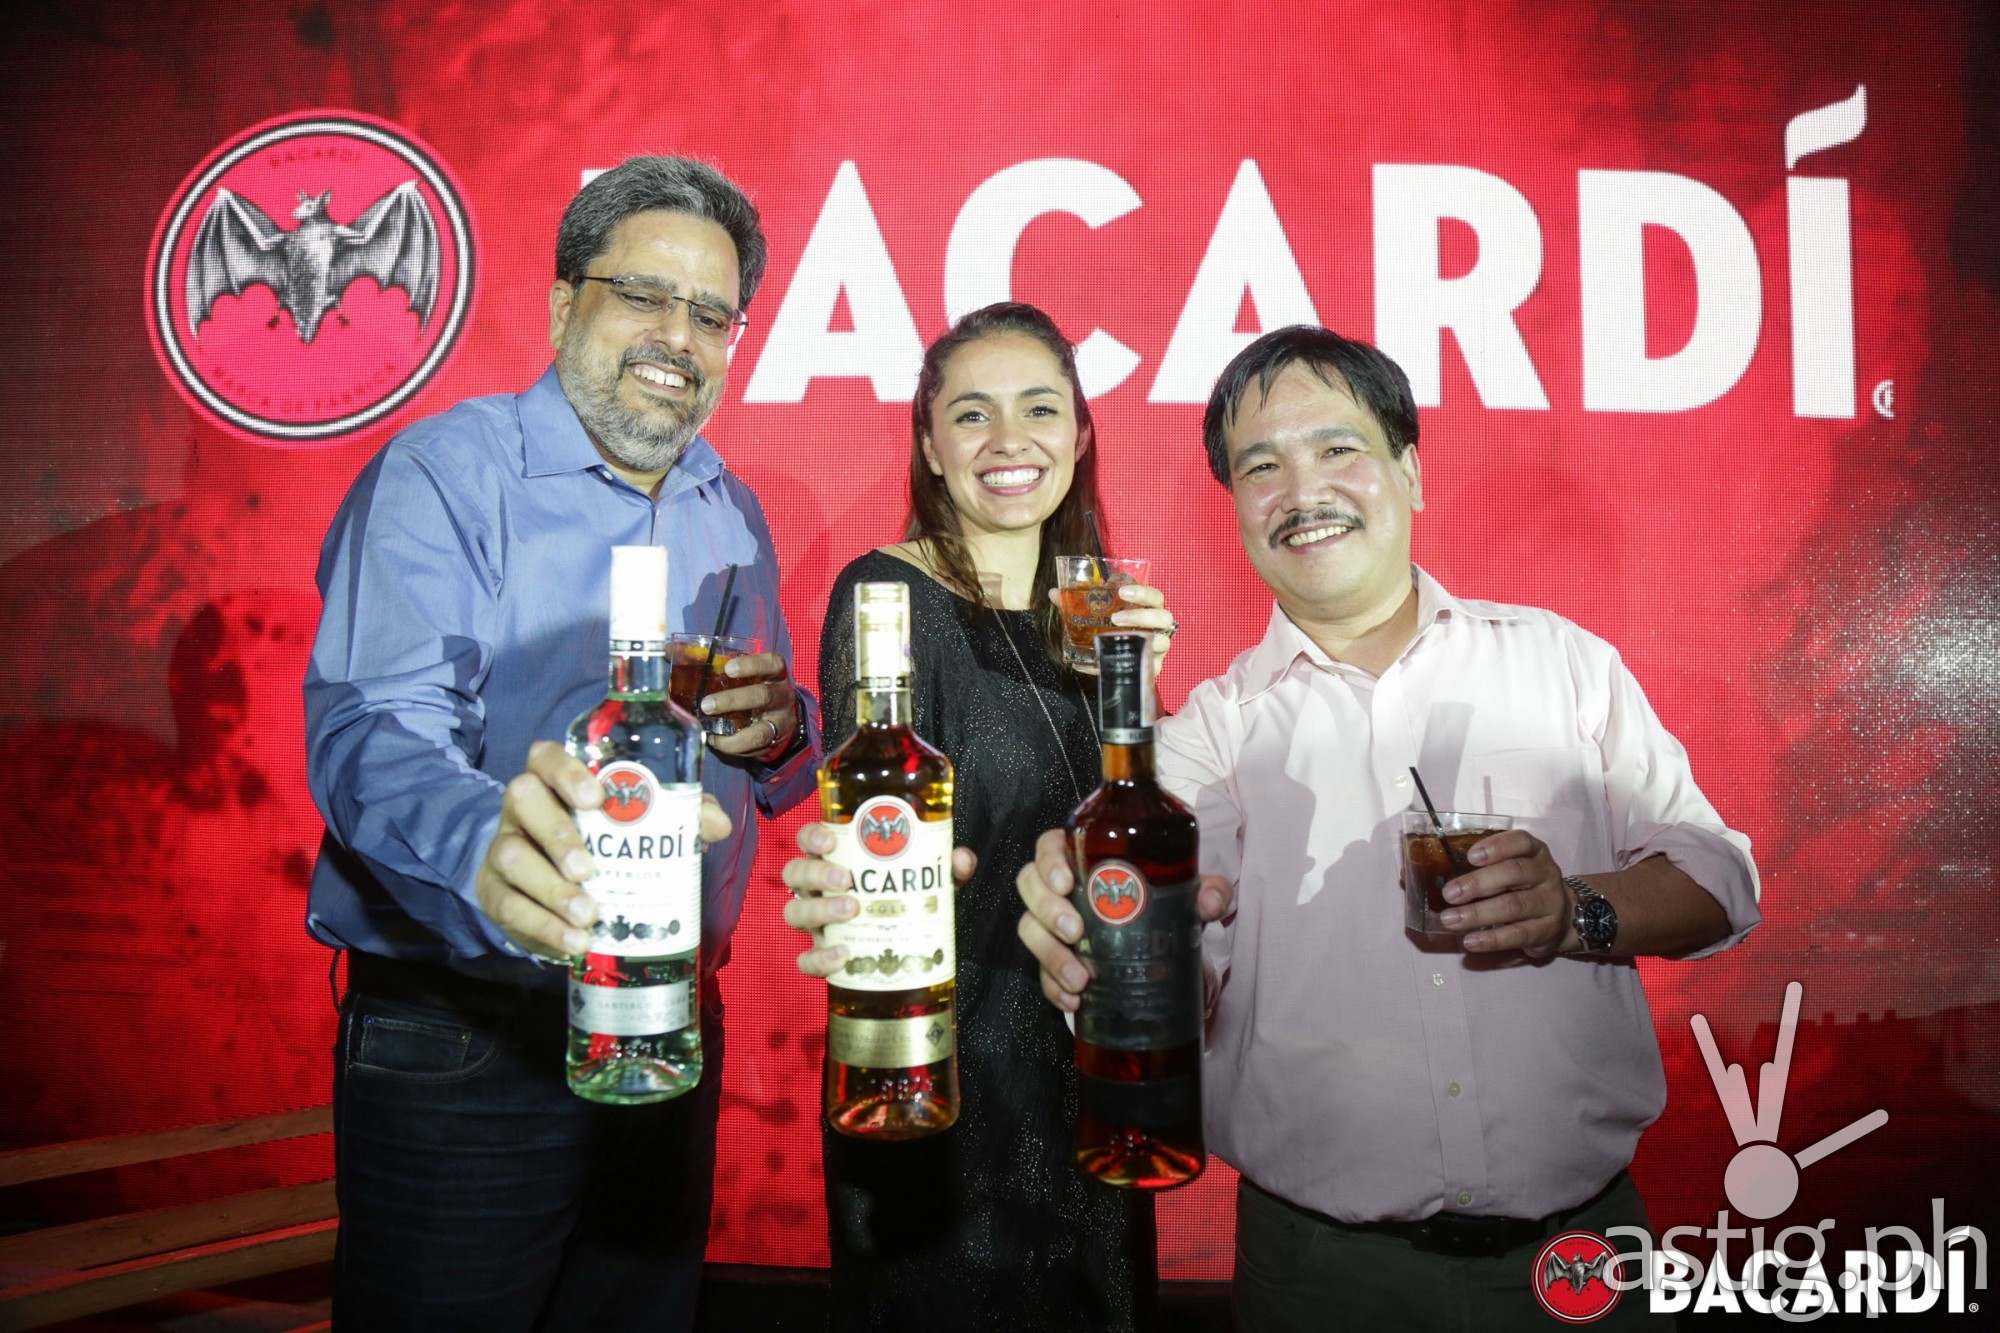 Bacardi unveils new bottle design
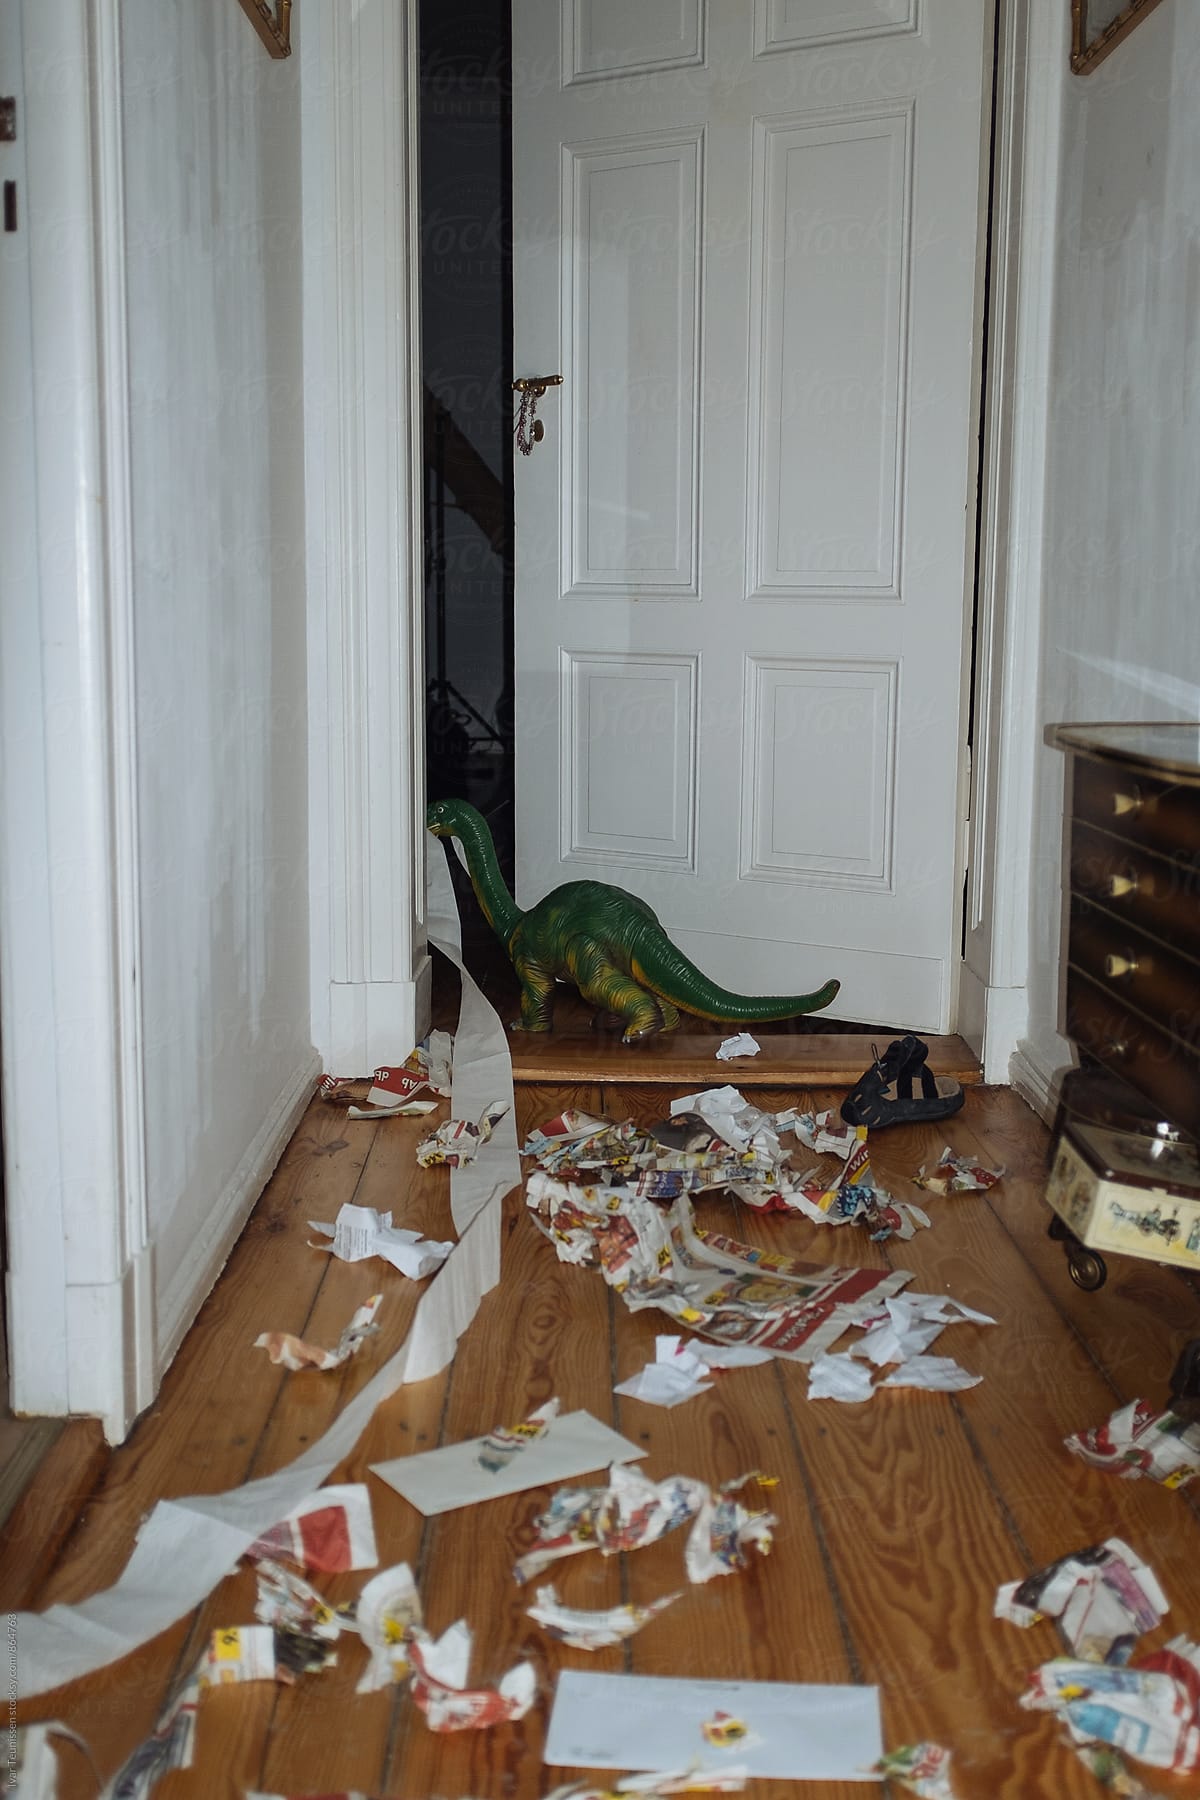 Rebellious dinosaur trashing up the hallway.
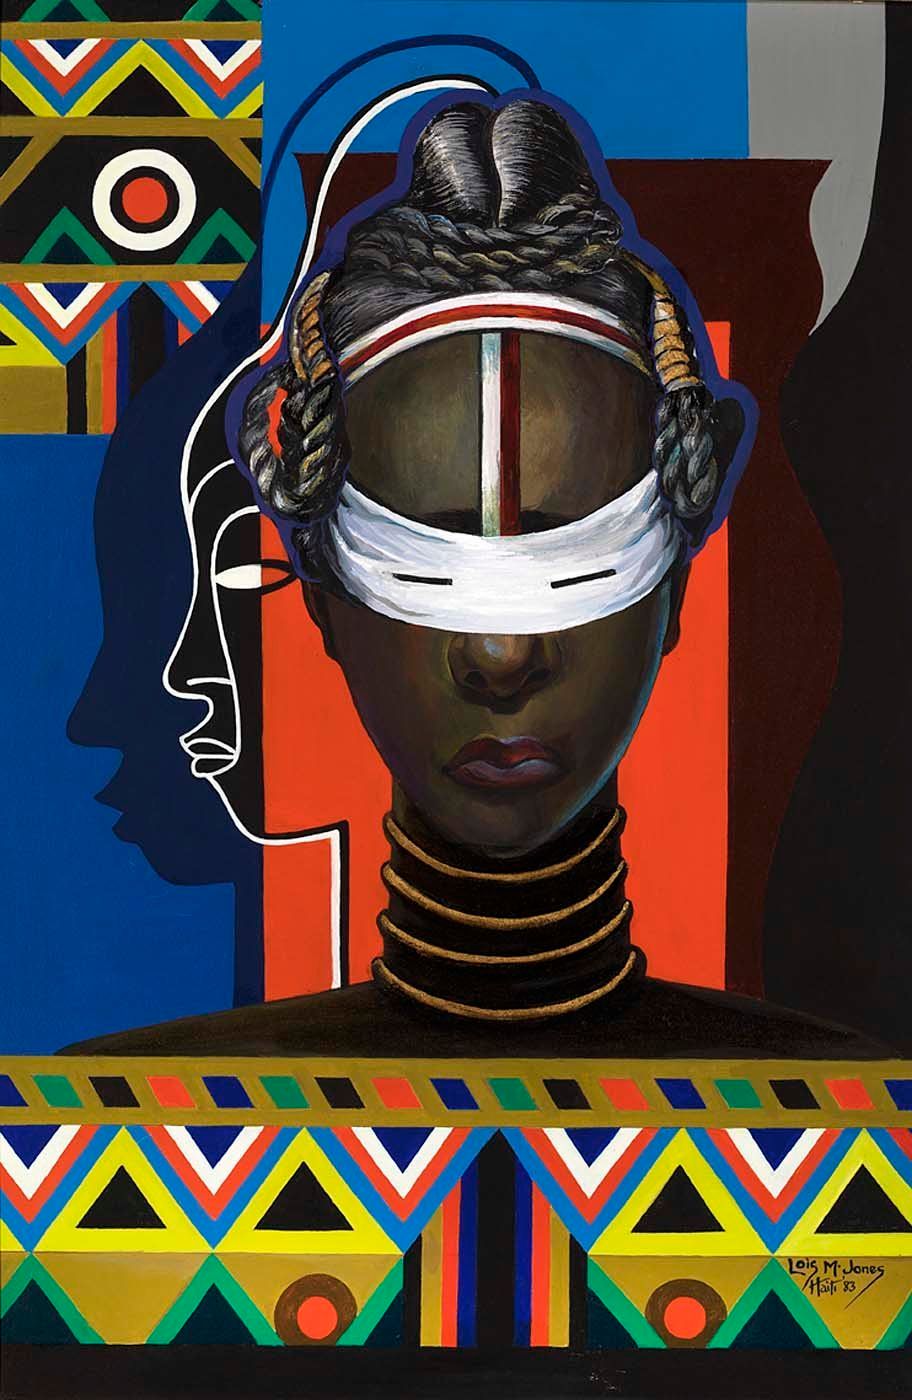 Loïs Mailou Jones, "Initiation, Liberia," 1983, acrylic on canvas, 35 1/4 x 23 1/4 in. (89.6 x 59.1 cm)

REQUIRED WORK:
A word-for-word repeat of the lines from the line with "Rebellious dinosaur trashing up the hallway." to the last line of the data, both ends included and pictures left out, is all that should appear.

WRITTEN SOLUTION:
 Rebellious dinosaur trashing up the hallway.
 Loïs Mailou Jones, "Initiation, Liberia," 1983, acrylic on canvas, 35 1/4 x 23 1/4 in. (89.6 x 59.1 cm)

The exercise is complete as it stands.